So all you have to say, Alexa, let's chat. And then the first time you say, Alexa, let's chat, it comes back with a clear message that you're interacting with one of those university social bots. And there's a clear, so you know exactly how you interact, right? And that is why it's very transparent.

You are being asked to help, right? And we have a lot of mechanisms where as the, we are in the first phase of feedback phase, then you send a lot of emails to our customers and then they know that the team needs a lot of interactions to improve the accuracy of the system.

So we know we have a lot of customers who really want to help these university bots and they're conversing with that. And some are just having fun with just saying, Alexa, let's chat. And also some adversarial behavior to see whether, how much do you understand as a social bot?

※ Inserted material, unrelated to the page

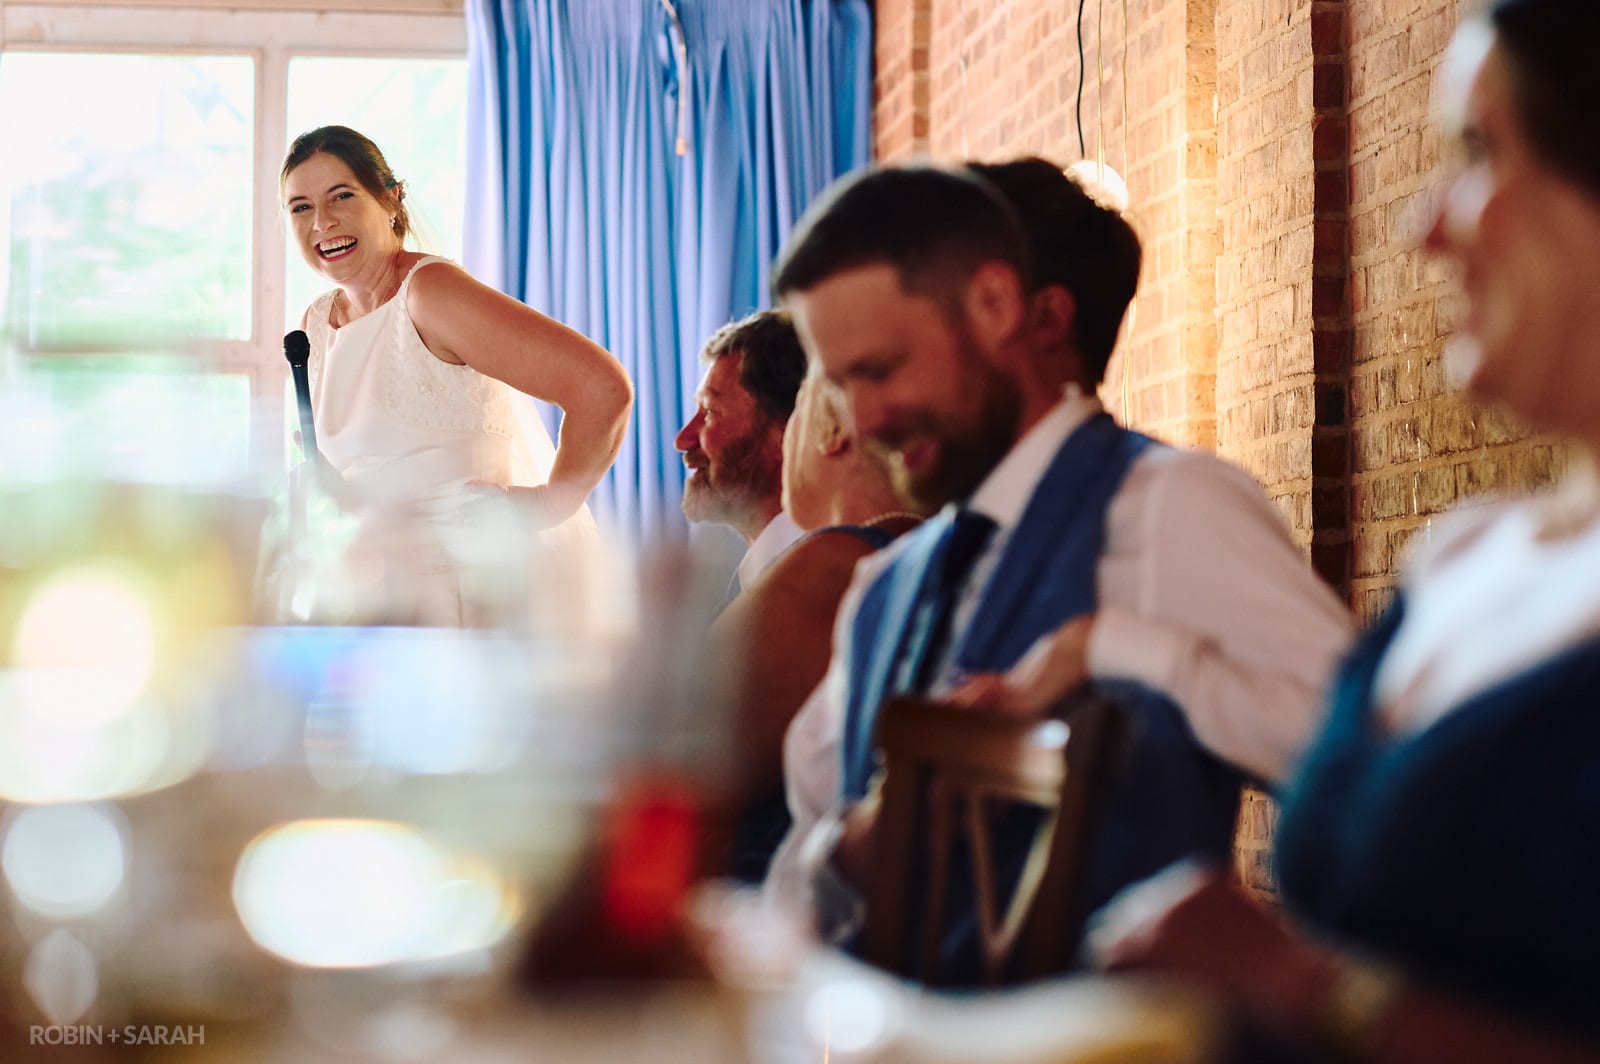 Bride gives wedding speech as groom and guests laugh

So I think we have a good healthy mix of all three situations. - So what is the, if we talk about solving the Alexa challenge, the Alexa prize, what's the data set of really engaging, pleasant conversations look like? 'Cause if we think of this as a supervised learning problem, I don't know if it has to be, but if it does, maybe you can comment on that.

Do you think there needs to be a data set of what it means to be an engaging, successful, fulfilling conversation? - I think that's part of the research question here. This was, I think, we at least got the first spot right, which is have a way for universities to build and test in a real world setting.

Now you're asking in terms of the next phase of questions, which we are also asking, by the way, what does success look like from a optimization function? That's what you're asking in terms of, we as researchers are used to having a great corpus of annotated data and then making, then sort of tune our algorithms on those, right?

And fortunately and unfortunately, in this world of Alexa Prize, that is not the way we are going after it. So you have to focus more on learning based on live feedback. That is another element that's unique, where just now I started with giving you how you ingress and experience this capability as a customer.

What happens when you're done? So they ask you a simple question on a scale of one to five, how likely are you to interact with this social bot again? That is a good feedback and customers can also leave more open-ended feedback. And I think partly that to me is one part of the question you're asking, which I'm saying is a mental model shift that as researchers also, you have to change your mindset that this is not a DARPA evaluation or an NSF funded study and you have a nice corpus.

This is where it's real world, you have real data. - The scale is amazing. - It's amazing. - That's a beautiful thing. And then the customer, the user can quit the conversation at any time. - Exactly. The user can, that is also a signal for how good you were at that point.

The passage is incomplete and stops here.